REVIEW: Heavy-Handed For Colored Girls Can't Sink Its Actresses

Movieline Score:

More surprising than the fact that For Colored Girls, Tyler Perry's deliriously lush, regrettably swollen adaptation of Ntozake Shange's 1970's Broadway phenomenon, doesn't work is the extent to which it almost does. Shange's earthy, epiphanic tone poem -- an ode to the ascendant black woman, and her many iterations -- presents a considerable screenwriting challenge: Its characters are colors, its impact a combination of sustained lyrical -- and lexical -- intensity and theatrical choral force. Perry's ambition in translating the work to the screen is determined and true; the film's main fascination is that of watching a director struggle to honor Shange's choreopoem and then lose the battle not with the material but with himself.

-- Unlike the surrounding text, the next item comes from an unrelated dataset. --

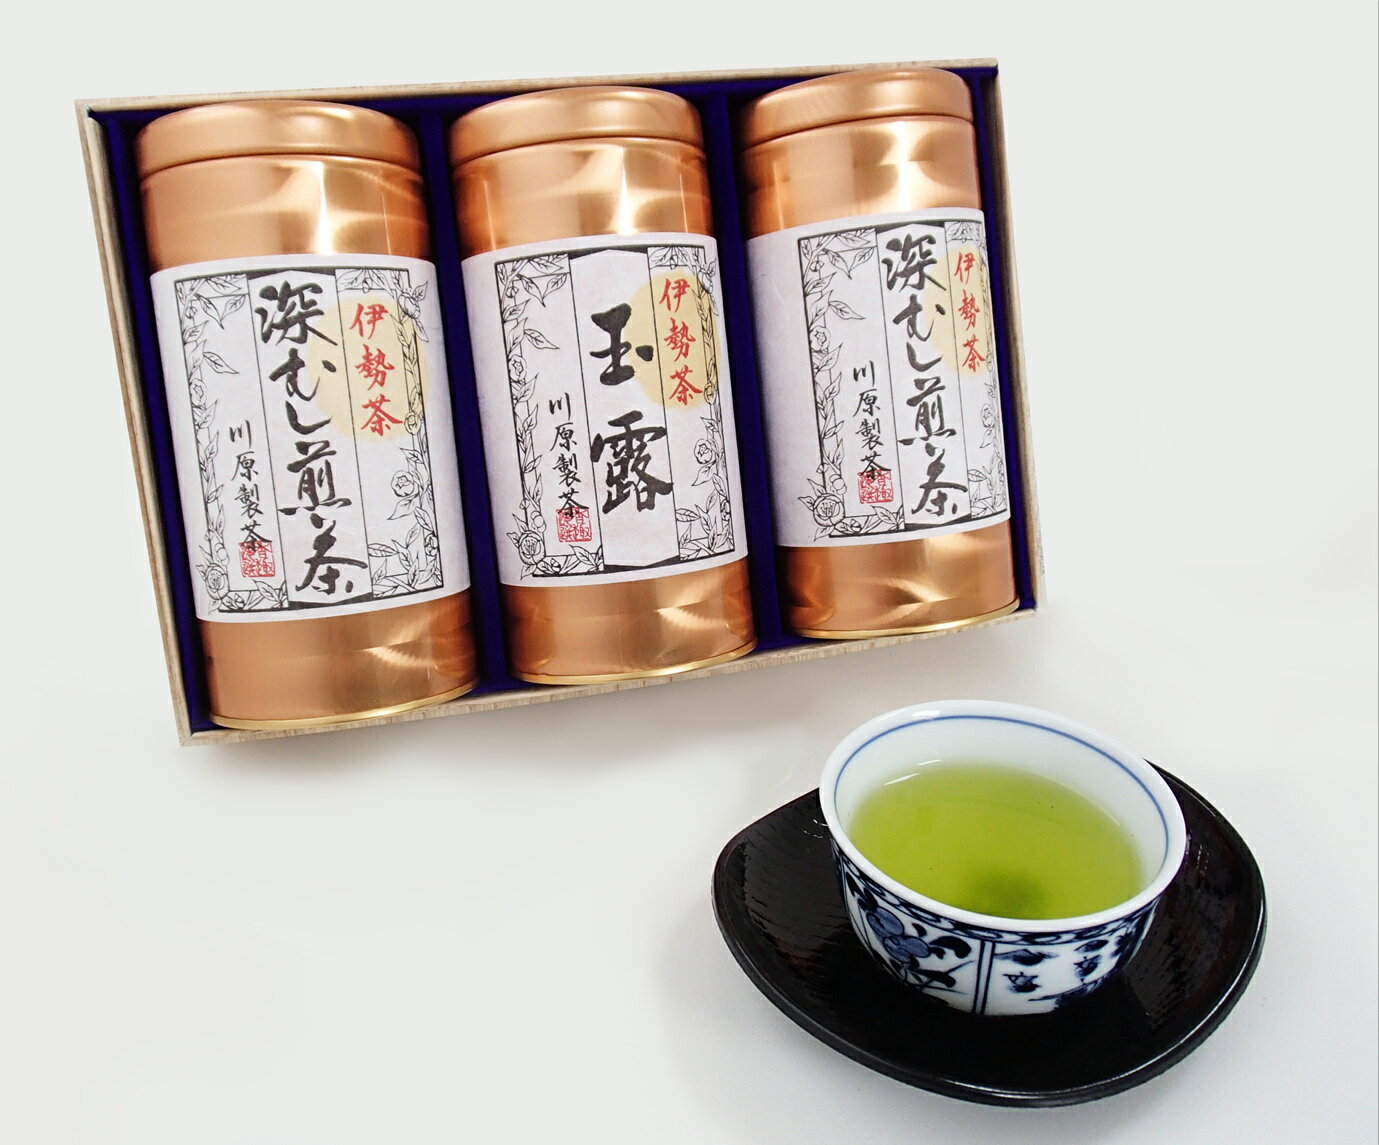 日本三大産地のひとつ 伊勢茶 詰め合わせ B kh-04 ふるさと納税 煎茶

The play's seven characters are here increased to nine, and an opening sequence introduces each one as she prepares to face the day. A montage in which each woman recites a few lines from "Dark Phrases" sets a tremulous, incantatory tone, but soon enough we're back on Perry's quotidian turf -- in this case a Harlem apartment complex where several of the characters reside. Shiftless bartender Tangie (Thandie Newton, off the chain and channeling Eartha Kitt) sends home last night's pick-up with a simpering shrug; across the hall Crystal (the astonishing Kimberly Elise) is steeling herself for a day's work, and then a night's trouble with the alcoholic veteran (Michael Ealy) who fathered her two children. Between them lives Gilda (Phylicia Rashad), the apartment manager who clucks over Tangie's revolving door and tsks after Crystal's cycle of domestic abuse.

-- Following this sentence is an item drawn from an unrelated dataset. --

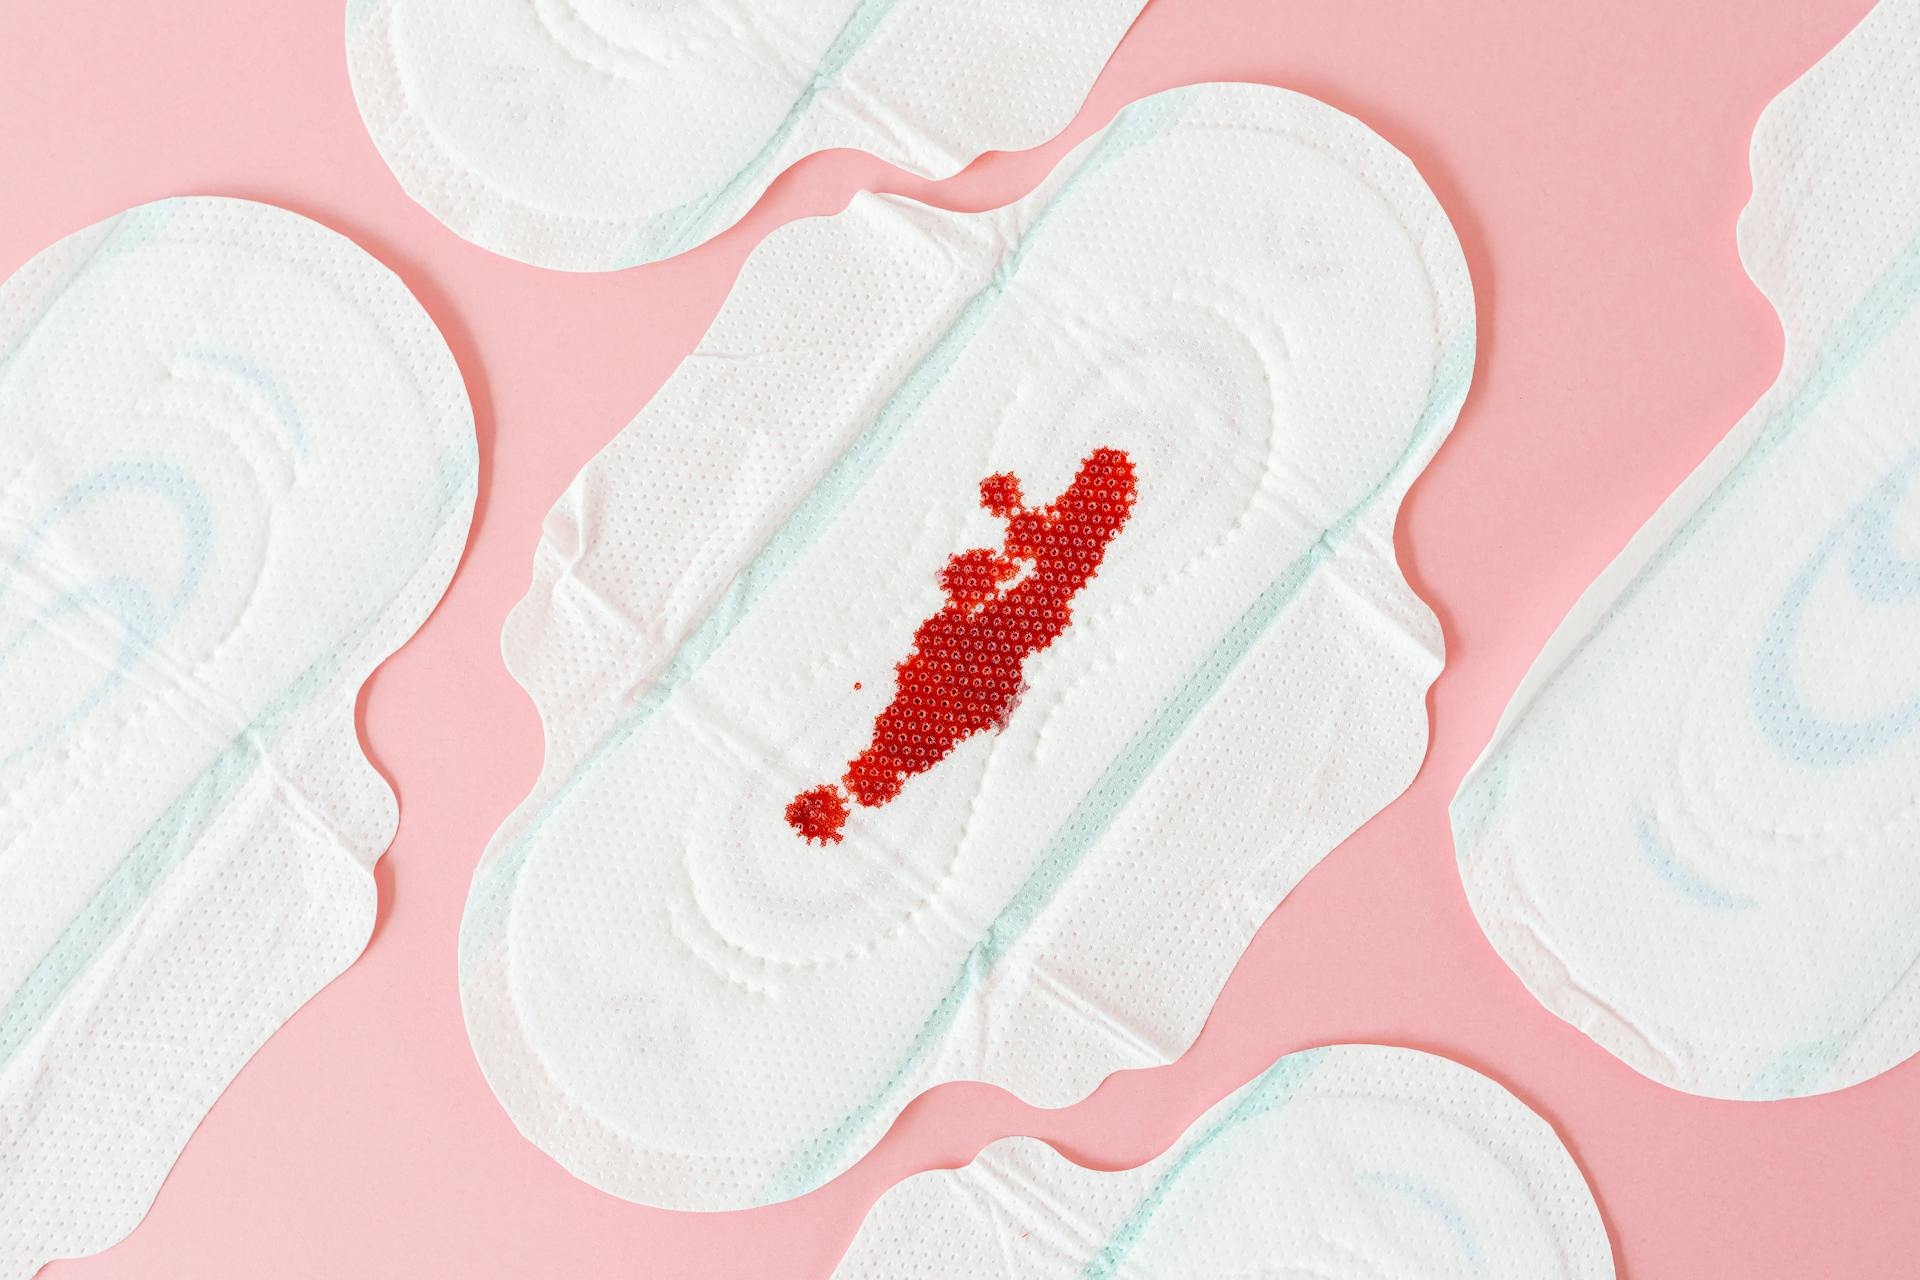 Afbeelding van Moet menstruatieverlof verplicht worden?

Crystal works for Jo (Janet Jackson, looking so much like her late brother with cropped hair, ringed eyes, and red lips that the audience gasped when she appeared), a bitterly successful magazine editor with a conspicuous (*cough*) cough and a husband (Omari Hardwicke) doing her dirty. Kelly (Kerry Washington), a child welfare worker assigned to Crystal's case, is trying to get pregnant with her detective boyfriend (Hill Harper), but the STD some previous creep gave her has done a number on her tubes. Also getting played is Juanita (Loretta Devine), a sexual-health educator with a no-good, fair-weather boyfriend (Richard Lawson). About to be played are Yasmine (Anika Noni Rose), an incandescent dance instructor with a suspiciously perfect suitor (Khalil Kain), and Nyla (Tessa Thompson), her student, whose first sexual experience was also too good to be true.

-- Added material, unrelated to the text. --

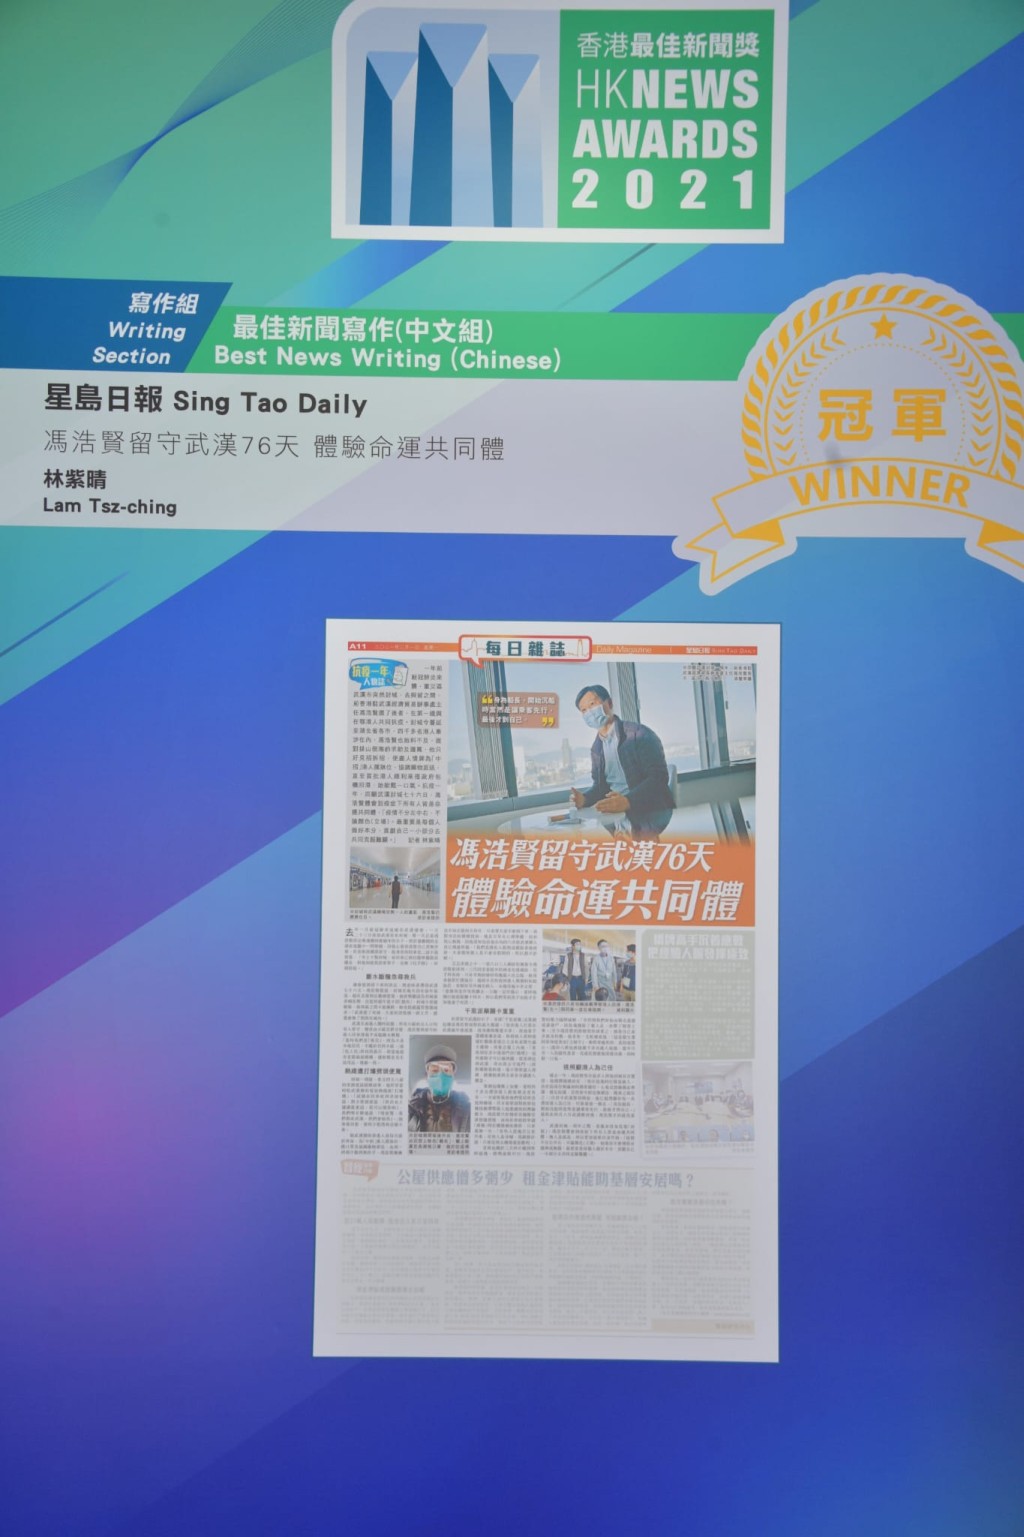 《星岛日报》凭 《冯浩贤留守武汉76天 体验命运共同体》夺最佳新闻写作(中文组)冠军。

Is that everybody? Not quite: Whoopi Goldberg appears as Alice, the mother of Nyla and Tangie. A cult-addled hoarder with a big old family secret, Alice isn't big on men, or the things they do to her daughters. Perry, whose directorial instincts tend toward the flat and stagey, proves adept at establishing his network of characters and the intersections of their lives; fluid camera work helps build a rhythm as the women tag each other in and out of scenes, meting out each storyline at a manageable clip. Perry weaves together not just the individual stories but their arcs, sustaining the emotional tenor across the progress of nine lives. It's when that tenor goes into yowling, mach-four overdrive that the film's bottom drops out, and the actresses, who are almost across the board an exceptional and often ravishing pleasure to behold, are caught out by a film that can't match their commitment.

That failure is not necessarily a function of Perry's determination to stay literal: When the scenes that lapse into rhapsodic readings of Shange's poetry work -- as with Juanita's run-tell-that recitation of "Somebody Almost Walked Off Wid Alla My Stuff" and the delectable, queenly Rashad's rapprochement with Newton's feral hellcat -- they are electrifying. But the pile-up of lurid misfortunes -- kicked off by perhaps the worst cross-cutting mash-up of all time, involving one character's rape and a night at the opera (thanks for nothing, Coppola) -- grabs the film by the weave and drags it into the melodramatic gutter. The last 45 minutes are an unrelenting siege of lady-flowering catharsis in which every character is granted her baptism -- by snotty, teary, prolonged close-up -- into awakened womanhood.

The pattern numbs the powerful text, and the big moments begin to bleed into each other. As monologues, they are frequently breathtaking; each performer acts her face off, and even the easy-to-mock, lavish emotionality demands its due. But the threads holding the whole thing together grow bare and eventually pull apart. There's far too much heart in For Colored Girls to hate it, and too much talent on vulnerable, rapturous display. I left exhausted and exasperated, marveling at what this array of actresses was willing to give to Tyler Perry, and wishing he had returned not just the favor but the gift.